Year-round daylight saving time may prove to be less popular than you think

Photo (cc) 2018 by Phil Norton

Now that we appear to be on the verge of adopting daylight saving time year-round, we are finally starting to see some long-overdue pushback.

In The Boston Globe, reporters Gal Tziperman Lotan and Sarah Fatima quote experts who say that although we should stop moving the clocks forward and back twice a year, we should settle on standard time rather than daylight time. The reason: sunrise that can come to Boston as late as 8:15 a.m. during the darkest weeks of the year is far more harmful to us than sunset at 4:15 p.m. They quote Charles Czeisler, a sleep expert at Brigham and Women’s, as saying:

In their zeal to prevent the annual switch, the Senate has unfortunately chosen the wrong time to stabilize onto. What the Senate passed yesterday would require all Americans to start their work and school an hour earlier than they usually do, and that’s particularly difficult to do in the winter, when the sun is rising later.

Czeisler is right — but do we really want to give up those glorious 8:30 p.m. sunsets in the summer, with the light lasting until after 9 for a few weeks? I sure don’t.

So is year-round daylight saving time the way to go? We’ve tried it before — and it quickly proved to be unpopular. In 1973, the federal government adopted a measure to abolish standard time in order to deal with an oil shortage. Andrew Beaujon of Washingtonian magazine writes that the sight of children walking to school in the dark led to quick repeal of the measure:

The early-morning darkness quickly proved dangerous for children: A 6-year-old Alexandria girl was struck by a car on her way to Polk Elementary School on January 7; the accident broke her leg. Two Prince George’s County students were hurt in February. In the weeks after the change, eight Florida kids were killed in traffic accidents. Florida’s governor, Reubin Askew, asked for Congress to repeal the measure. “It’s time to recognize that we may well have made a mistake,” US Senator Dick Clark of Iowa said during a speech in Congress on January 28, 1974. In the Washington area, some schools delayed their start times until the sun caught up with the clock.

In fact, Beaujon found, the increase in the number of fatalities was statistically insignificant, and we really did save a whole lot of energy.
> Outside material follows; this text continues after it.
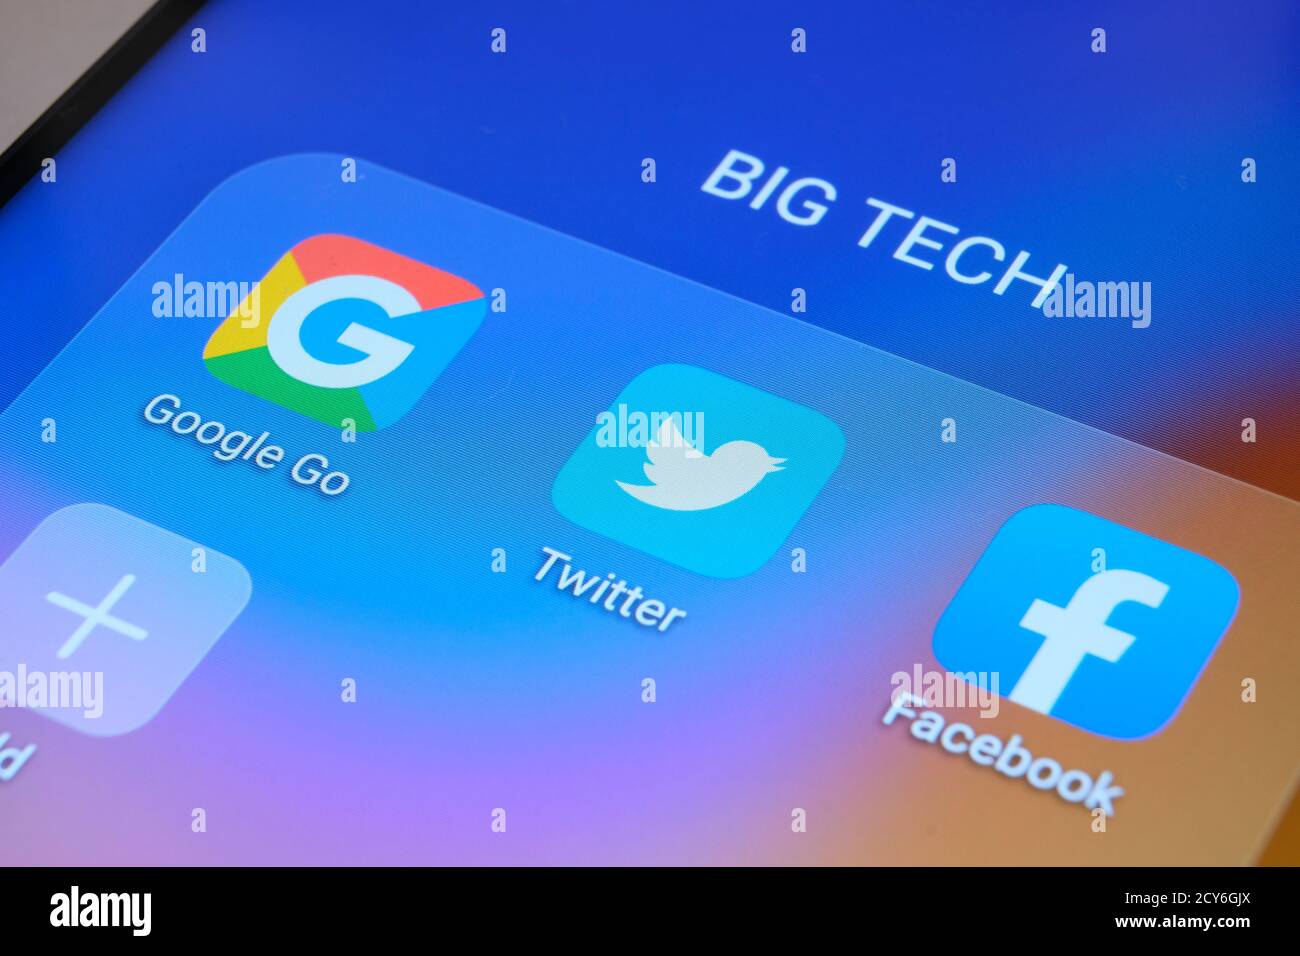 Google, Facebook, Twitter-Apps auf dem Bildschirm des Smartphones gesehen. Stockfoto

But the larger point stands. More sunlight in the afternoon sounds like a good idea until people see what it looks like when they wake up in the morning.

The Senate unanimously passed a permanent daylight saving bill on Wednesday, delighting long-time proponents such as U.S. Sen. Ed Markey, sponsor of the Sunshine Protection Act. The very name suggests that Markey is not a morning person. We’ll see whether it becomes law, or if it stalls once it reaches the House.
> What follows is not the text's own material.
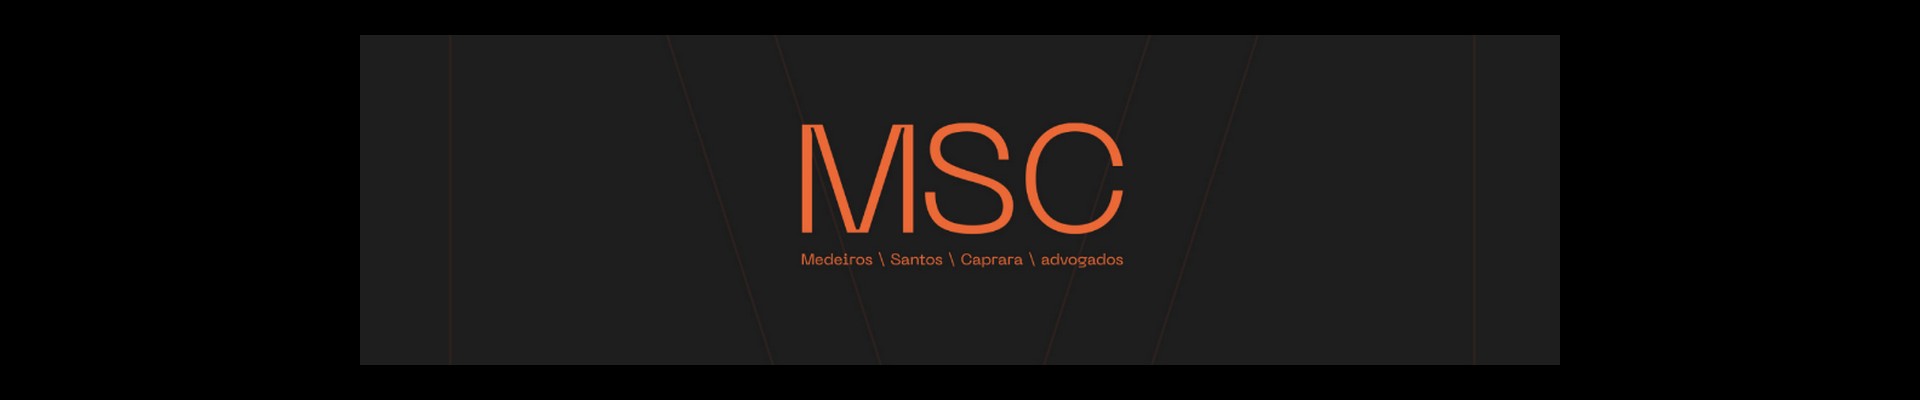 Agência Nirin assina nova marca da MSC Advogados

There are only so many hours of sunlight available. Some people may not like moving the clocks back and forth, but it’s probably the best of all options.

Discover more from Media Nation

Subscribe to get the latest posts sent to your email.


GBH News GM Pam Johnston on how public media can help fill the local news gap


Gannett goes on a massive spree of closing and merging weekly newspapers


  1. Steve Ross

    I note that Boston rush hours start early because so many hospital and education workers have a 7am to 3 pm “daytime” work day.

    I also note that as a volunteer I have taught midnight and 1 am community college students coming off the 3 pm-11 pm hospital shifts and found them uniformly attentive and sharp. They had adapted to just ignore the sky. In some cases, their hospital employers had adapted as well, providing shuttle busses and subsidizing Uber etc because the T is unusable that late…

    Lesson: Just set the damn clock on one time and live with it. I’m not sure any study on that that time would be, would be definitive. We’re close to the eastern edge of our time zone and already get our sunrises and sunsets earlier than NYC.

  2. Lex

    I’m not a morning person, either. That said, I just want them to pick one time and stick with it year-round. I do not care which one they pick.

    • Dan Kennedy

      And I’d like 15 hours of daylight every day, year-round.

      • Steve Ross

        I like to take pictures at sunrise and sunset, moonrise and moonset… have some nice recent shots of Venus in the morning sky. I want sun, moon, Venus etc to be where I want them, when I’m ready for them, with just the right amount of clouds. There oughta be a law….

  3. Ilex

    Maybe we could go back half an hour this fall and stay there.

    I genuinely don’t care which time we go with, since both standard and daylight saving time can be argued for or against. I just want to stop this endless switching around. I like watching the gradual change in sunrise/sunset and the movement of the stars through the year, and I hate these sudden jerks in the natural shift. It’s not good for anybody.

    As for school kids, there are a lot fewer of them walking now than in the 70s. Also, I tie an Illuminite band around my waist to walk in the dark winter mornings and evenings, and it’s clear that drivers can see it by their reactions. We could provide school children with highly reflective articles of clothing as well, and/or arrange crocodiles led by an adult as they do in the UK. And implementing general pedestrian safety measures would help keep kids safer, too, daylight or dark.

    Let’s just lock the clock somewhere and never change again.